1. Representing Linguistic units.

The task is to map each item in a text(Characters and words) into a vector that can be processed in PyTorch or equivalent deep learning frameworks.

In [17]:
# mandatory imports
import torch as T
import torch.nn as nn
import torch.optim as optim
from tqdm import tqdm
import matplotlib.pyplot as plt
from torchsummary import summary
import random
import pandas as pd
%matplotlib inline

In [18]:
num_chars = 26
dimension_char_vector = 3
#generating embeddings by mapping them to embedding vector

char_embeddings = nn.Embedding(num_chars,dimension_char_vector)
print(char_embeddings)

Embedding(26, 3)


In [19]:
#'cab'
char_sequence =  [2,0,1]
#converting to tensor
char_idxs = T.LongTensor([char_sequence])
char_vector = char_embeddings(char_idxs)
print(char_vector)

tensor([[[ 0.2744, -1.4286, -0.9463],
         [-0.7210,  1.1087, -1.3602],
         [-0.0595,  0.0340,  1.3645]]], grad_fn=<EmbeddingBackward0>)


2. Processing these via Recurrent Neural Networks (RNNs)

- These neural networks help in learning the context of a time series by temporarily remembering the past.

- Gated Reccurent Units(GRUs) and Long Short Term memory(LSTMs) are used to achieve this.

- GRUs have one less GATE and faster training time.

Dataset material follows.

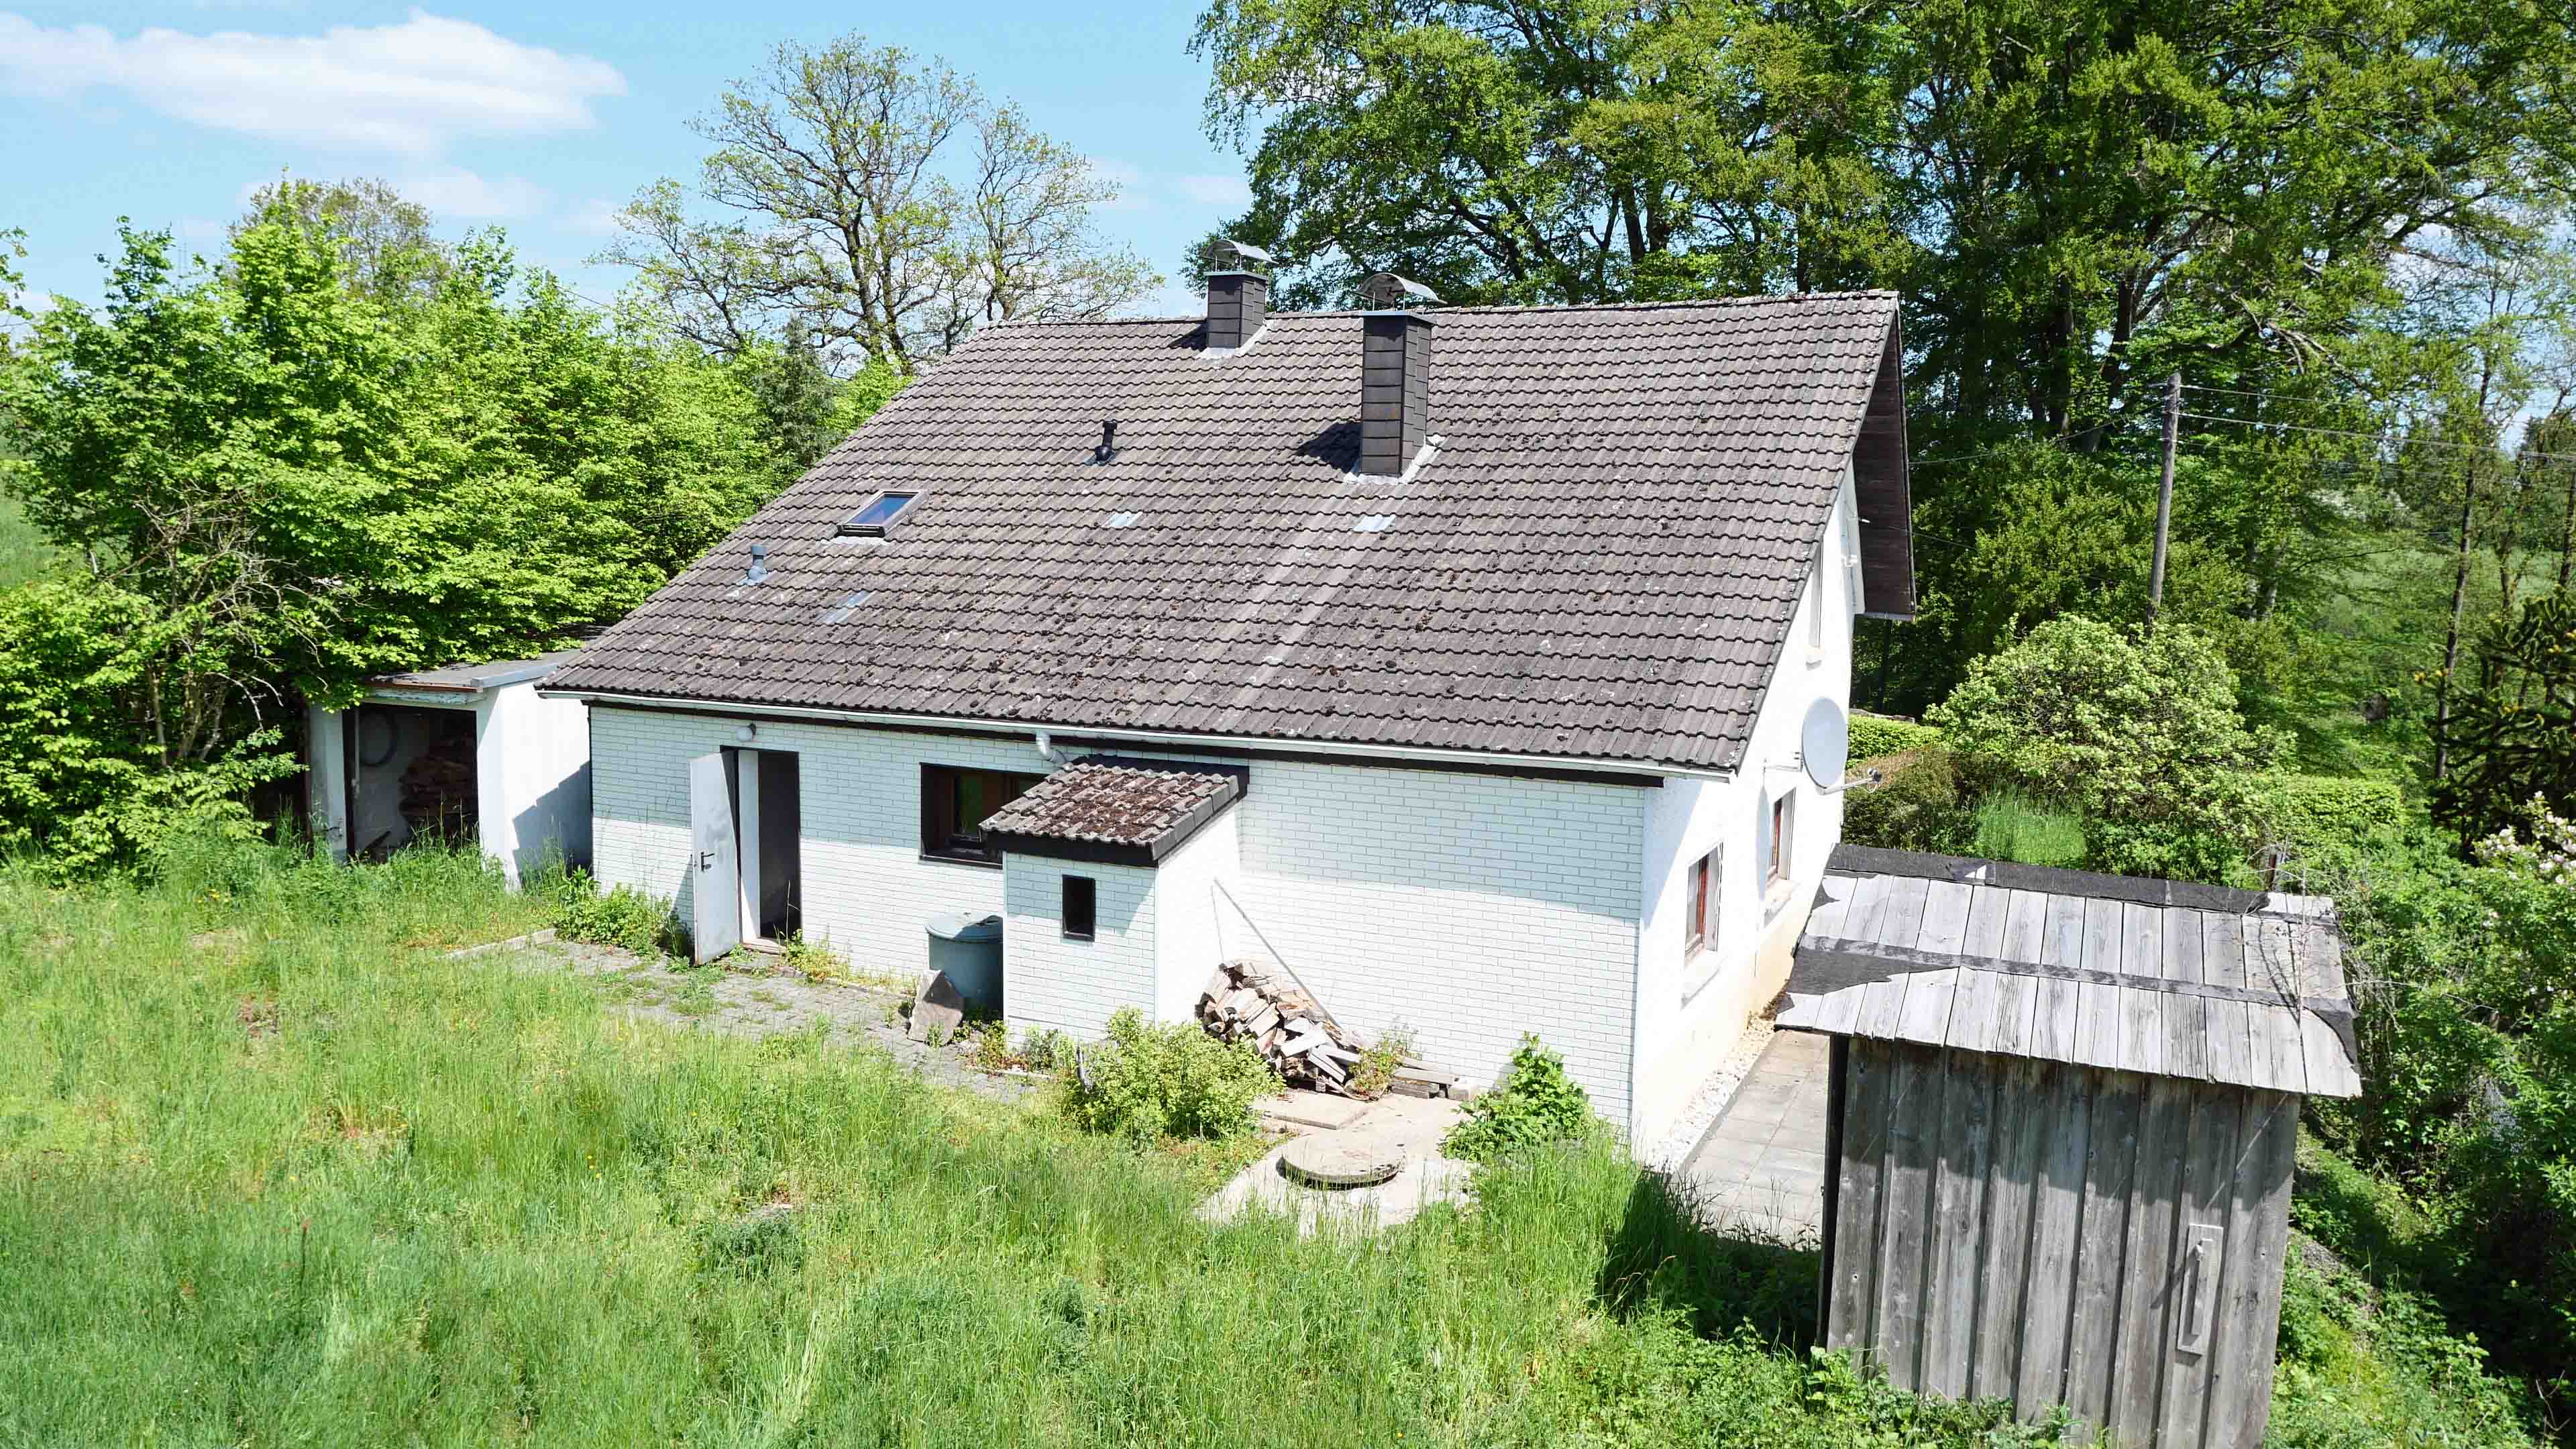 Morsbach-Wittershagen: Massives Wohnhaus mit freiem Blick in die Natur, große Dachfläche geeignet für eine PV-Anlage

So, we will use it. 
- For each index in char vector i.e char, Let's have a unit and process further.

In [20]:
dimension_gru = 5
num_layers= 1
gru = nn.GRU(dimension_char_vector, dimension_gru, num_layers)

In [21]:
context_vectors, last_hidden_ids = gru(char_vector)

In [22]:
context_vectors


tensor([[[-0.2390, -0.0721,  0.1782, -0.4897,  0.0909],
         [ 0.3331,  0.0687,  0.1149, -0.0594,  0.4009],
         [-0.3206,  0.2261,  0.2416, -0.3540,  0.0245]]],
       grad_fn=<StackBackward0>)

In [23]:
#removing all dimensions just to preserve one element
context_vectors.squeeze()

tensor([[-0.2390, -0.0721,  0.1782, -0.4897,  0.0909],
        [ 0.3331,  0.0687,  0.1149, -0.0594,  0.4009],
        [-0.3206,  0.2261,  0.2416, -0.3540,  0.0245]],
       grad_fn=<SqueezeBackward0>)

We can learn the context on both sides, too. For that, We will need to use Bidirectional flag

In [24]:
bidirectional_gru = nn.GRU(dimension_char_vector, dimension_gru, num_layers,bidirectional=True)

In [25]:
bidirectional_context_vectors, last_hidden_ids = bidirectional_gru(char_vector)

In [26]:
bidirectional_context_vectors

tensor([[[-0.1700, -0.3908,  0.3062,  0.1363, -0.1156, -0.3271, -0.3678,
          -0.1393, -0.0938, -0.2658],
         [ 0.2168,  0.0903,  0.2295,  0.1065, -0.2877,  0.2146,  0.2384,
           0.2826,  0.0298, -0.1723],
         [-0.1992,  0.2225, -0.2047,  0.2786,  0.1238, -0.3141,  0.0886,
           0.3634,  0.2949, -0.2617]]], grad_fn=<CatBackward0>)

In [27]:
bidirectional_context_vectors.squeeze()

tensor([[-0.1700, -0.3908,  0.3062,  0.1363, -0.1156, -0.3271, -0.3678, -0.1393,
         -0.0938, -0.2658],
        [ 0.2168,  0.0903,  0.2295,  0.1065, -0.2877,  0.2146,  0.2384,  0.2826,
          0.0298, -0.1723],
        [-0.1992,  0.2225, -0.2047,  0.2786,  0.1238, -0.3141,  0.0886,  0.3634,
          0.2949, -0.2617]], grad_fn=<SqueezeBackward0>)

Dimension of context vector shall now be doubled when using bidirectional.

- The more RNN layers we add, The more abstract representation of texts can be learnt like syllable, morpheme etc.

- Like adding one more layer to n=1, we can learn syllable from char
- Adding one more layer to n=2, we can learn morpheme from syllable levels.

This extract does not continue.